# 1949 "the cycelplane"



## bushb2004 (May 5, 2014)

Does anyone have one of these or a picture of one they can post ? I can only find the comic book ads that Schwinn had in 1949, also was "CYCELPLANE" (as advertised in the ads) a real name or a confirmed spelling error ? I have this one I am restoring, looking for color combos and schemes for 1949.

Thanks


----------



## greenephantom (May 5, 2014)

This model is an odd duck to be sure. Mix of B and D equipment. Very likely that the available color combos would have been the same as the later Hornet model: black, red, green, or blue with cream headtube and trim. Basically a budget bike with an upgraded drivetrain.
Cheers, Geoff


----------



## Obi-Wan Schwinnobi (May 5, 2014)

Looks like a fat bar frame

Sent from my SCH-I545 using Tapatalk


----------



## bushb2004 (May 6, 2014)

greenephantom said:


> This model is an odd duck to be sure. Mix of B and D equipment. Very likely that the available color combos would have been the same as the later Hornet model: black, red, green, or blue with cream headtube and trim. Basically a budget bike with an upgraded drivetrain.
> Cheers, Geoff





Thanks for the info


----------



## bushb2004 (Mar 21, 2017)

update


----------



## bobcycles (Mar 21, 2017)

hmmmm  pieced together maybe as you have it there...
by 1949 deluxe chain guards were order of the day on the straightbar bikes...
not the feather.
But you never know for certain with Schwinn


----------



## 1817cent (Apr 19, 2017)

I own a black/ivory "cycleplane" (like shown in the comic book.)  The bike has been owned by me for over 20 years and I bought it from a Schwinn shop in Eastern Washington who said they took it in on a trade in the 70's.  My bike has the Phantom rear rack with tail light, locking front springer, S-2's w/o the railroad tracks, original Phantom seat, Phantom chain guard, front drum brake and a chrome delta torpedo headlight.  The serial number on the frame says November of 1949.  I have never found it in a Schwinn catalogue and the closest example I have found was the comic book in Geoff's Schwinn book.  It seems to be a combination of parts.  It is a good riding machine though and I actually finished the STP in 2005 (Seattle to Portland) on the bike.


----------



## Freqman1 (Apr 19, 2017)

1817cent said:


> I own a black/ivory "cycleplane" (like shown in the comic book.)  The bike has been owned by me for over 20 years and I bought it from a Schwinn shop in Eastern Washington who said they took it in on a trade in the 70's.  My bike has the Phantom rear rack with tail light, locking front springer, S-2's w/o the railroad tracks, original Phantom seat, Phantom chain guard, front drum brake and a chrome delta torpedo headlight.  The serial number on the frame says November of 1949.  I have never found it in a Schwinn catalogue and the closest example I have found was the comic book in Geoff's Schwinn book.  It seems to be a combination of parts.  It is a good riding machine though and I actually finished the STP in 2005 (Seattle to Portland) on the bike.

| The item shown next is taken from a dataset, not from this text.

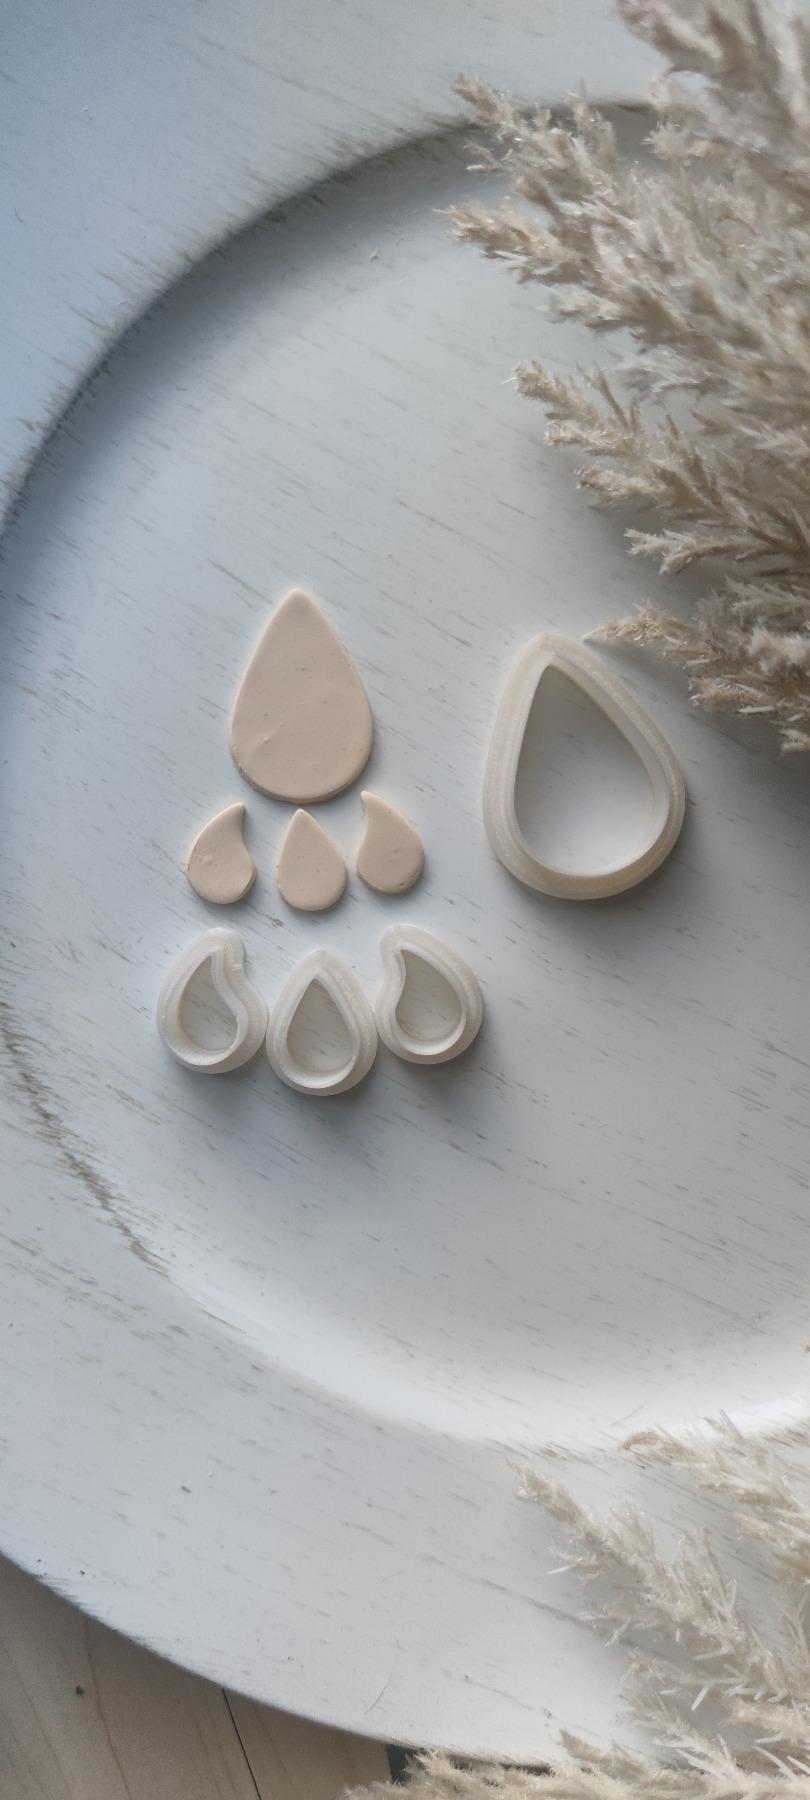 Product Polymer Clay Cutter Set | Ausstechform | Präger | FIMO Cutter | Stempel | Polymer Clay Zubehör | DIY-Werkzeug | handmade Schmuck | Tropfen Set | Online Shop | Klunkerkiste image

Love to see a pic of the bike. V/r Shawn


----------



## REC (Apr 28, 2017)

1817cent said:


> I own a black/ivory "cycleplane" (like shown in the comic book.)  The bike has been owned by me for over 20 years and I bought it from a Schwinn shop in Eastern Washington who said they took it in on a trade in the 70's.  My bike has the Phantom rear rack with tail light, locking front springer, S-2's w/o the railroad tracks, original Phantom seat, Phantom chain guard, front drum brake and a chrome delta torpedo headlight.  The serial number on the frame says November of 1949.  I have never found it in a Schwinn catalogue and the closest example I have found was the comic book in Geoff's Schwinn book.  It seems to be a combination of parts.  It is a good riding machine though and I actually finished the STP in 2005 (Seattle to Portland) on the bike.




Pictures are worth a couple of hundred word! Post one please!!

REC


----------